A generator constructing unit for constructing a generator; the generator comprises a convolution layer, a deconvolution layer and a channel-by-channel full connection layer, and the connection mode of the generator is jump connection; the number of the convolution layers is matched with that of the deconvolution layers; the convolution layer comprises a convolution kernel and an activation function layer; the deconvolution layer includes a deconvolution kernel and an activation function layer.
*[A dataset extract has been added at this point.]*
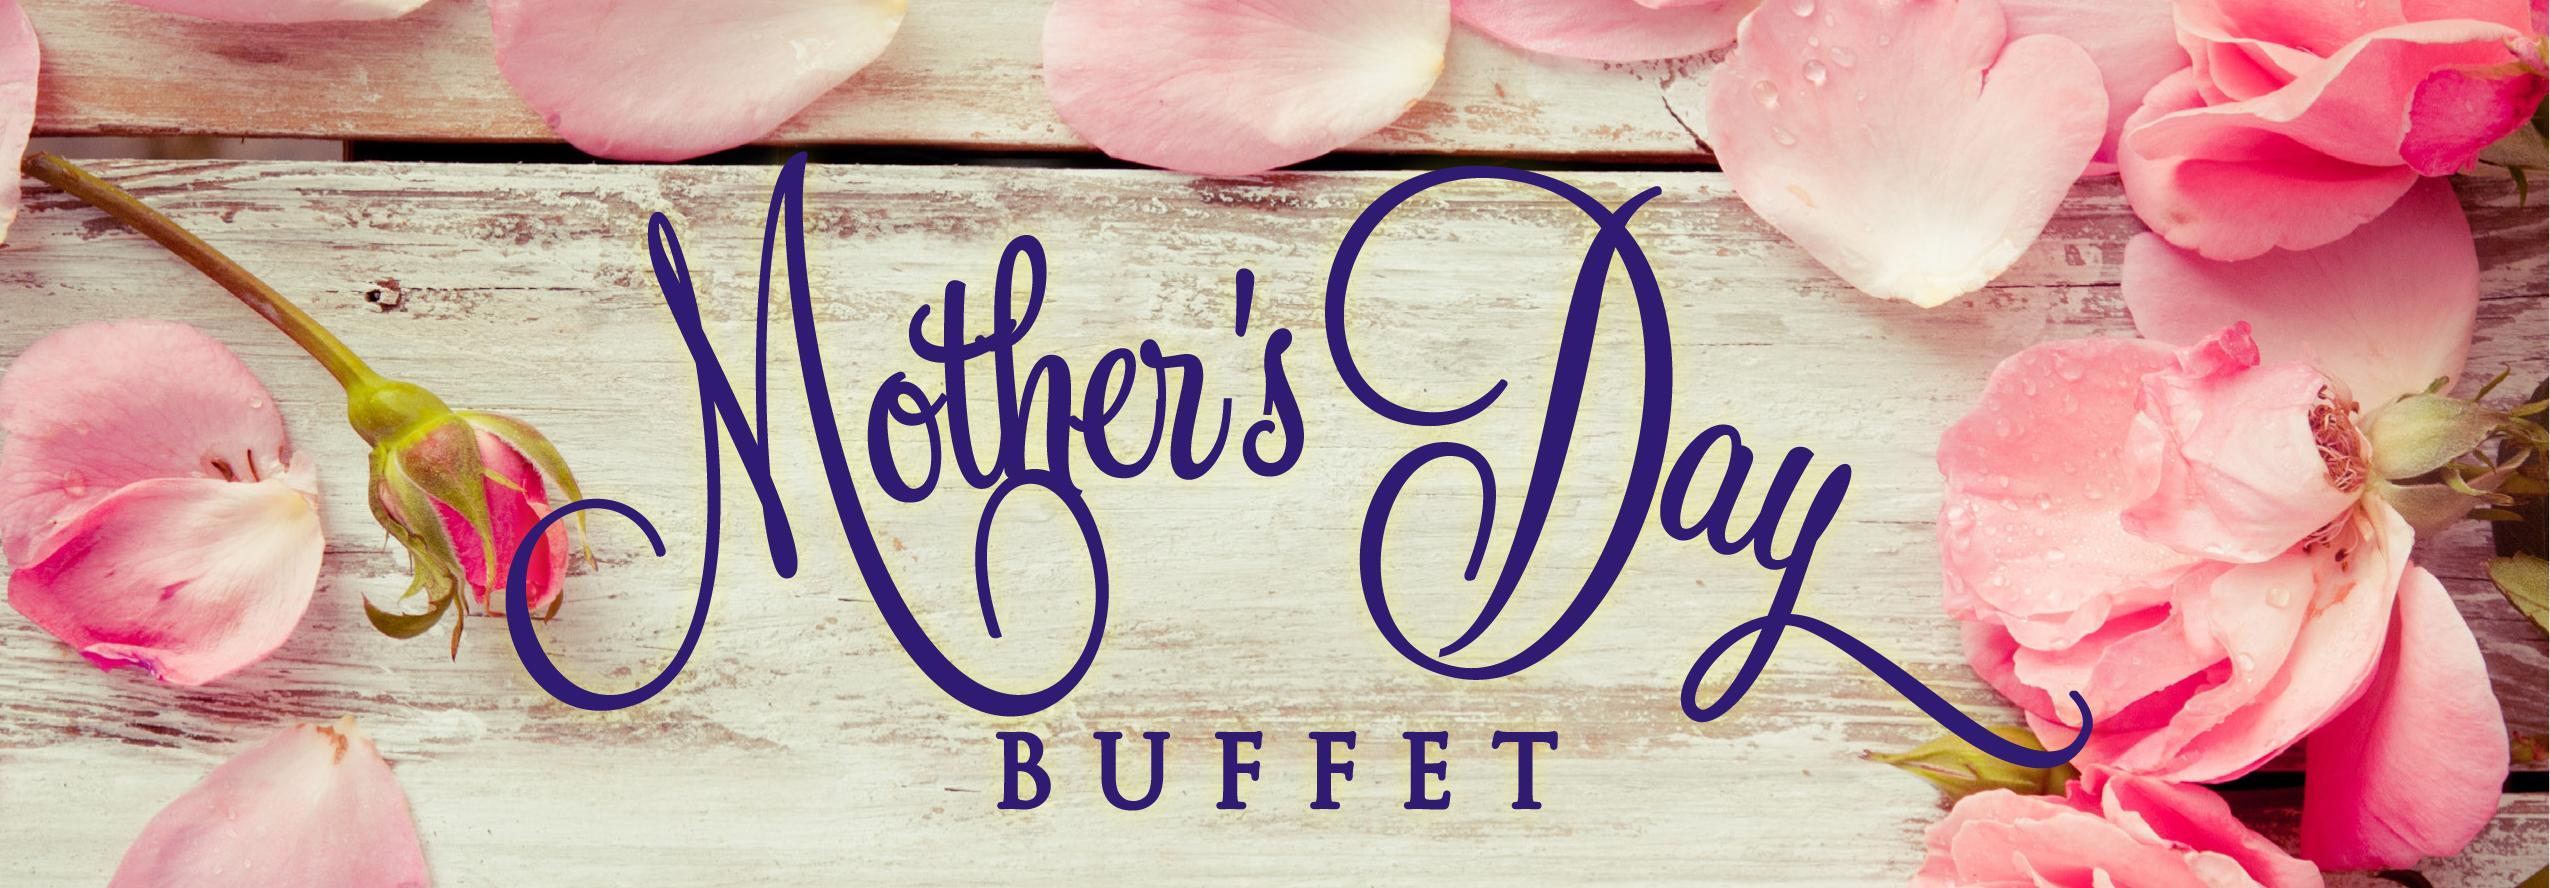 Vegetarian Mother's Day Buffet

A second discriminator construction unit for constructing a second discriminator; the second discriminator comprises a convolution layer, a full connection layer and a binary layer corresponding to the discriminator; and the convolution layer corresponding to the discriminator comprises a combined batch normalization layer and an activation function layer.
As an optional implementation manner, the model training module 204 specifically includes:
the training data acquisition unit is used for acquiring an artificial segmented blood vessel tree image and an original fundus retina image to obtain training data; the artificially segmented blood vessel tree image corresponds to the original fundus retina image.
And the vessel tree image reconstruction unit is used for respectively taking the artificially segmented vessel tree image as the input of the content encoder and the style encoder to obtain a content coding vector and a style coding vector, and taking the content coding vector and the style coding vector as the input of the decoder to obtain a reconstructed vessel tree image.
And an encoding judgment unit configured to perform discrimination by using the content encoding vector and the prior content encoding vector as inputs to the content encoding discriminator, and perform discrimination by using the genre encoding vector and the prior genre encoding vector as inputs to the genre encoding discriminator.
An enhanced countermeasure automatic encoder loss function establishing unit, configured to construct an encoder reconstruction loss function and a first discriminator countermeasure loss function according to the artificially segmented vessel tree image and the reconstructed vessel tree image; the encoder reconstruction loss function is a reconstruction loss function corresponding to the content encoder and the style encoder in the enhanced countermeasure automatic encoder; the first discriminator confrontation loss function is the confrontation loss function corresponding to the content coding discriminator and the style coding discriminator in the enhanced confrontation automatic encoder.
And the fundus retina image reconstruction unit is used for generating a reconstructed fundus retina image by taking the artificial segmentation retina outline mask, the reconstructed blood vessel tree image, the artificial segmentation blood vessel tree image and the original fundus retina image as the input of the generator.
And a fundus retina image discrimination unit for taking the reconstructed blood vessel tree image, the reconstructed fundus retina image, the artificially segmented blood vessel tree image and the original fundus retina image as input of a second discriminator to perform discrimination.
A generation countermeasure network loss function establishing unit for constructing a second discriminator countermeasure loss function and a generator global consistency loss function according to the original fundus retina image and the reconstructed fundus retina image; the second arbiter confrontation loss function generates the confrontation loss function of the second arbiter in the confrontation network for the improved conditional; the producer global consistency loss function generates a global consistency loss function for producers in the countermeasure network for the improved conditional.
And the synthetic model total loss function establishing unit is used for obtaining a synthetic model total loss function according to the encoder reconstruction loss function, the first discriminator countermeasure loss function, the second discriminator countermeasure loss function and the generator global consistency loss function.
An optimal model determining unit, configured to perform joint training on the combination enhanced countermeasure automatic encoder and the improved conditional generation countermeasure network in a back propagation manner according to the total loss function of the synthetic model, so that parameters in the combination enhanced countermeasure automatic encoder and the improved conditional generation countermeasure network are continuously updated and optimized to obtain an optimal vessel tree image generator and an optimal fundus retina image generator; the optimal vascular tree image generator is a trained combined enhanced countermeasure automatic encoder, and the optimal fundus retina image generator is a trained improved conditional generation countermeasure network.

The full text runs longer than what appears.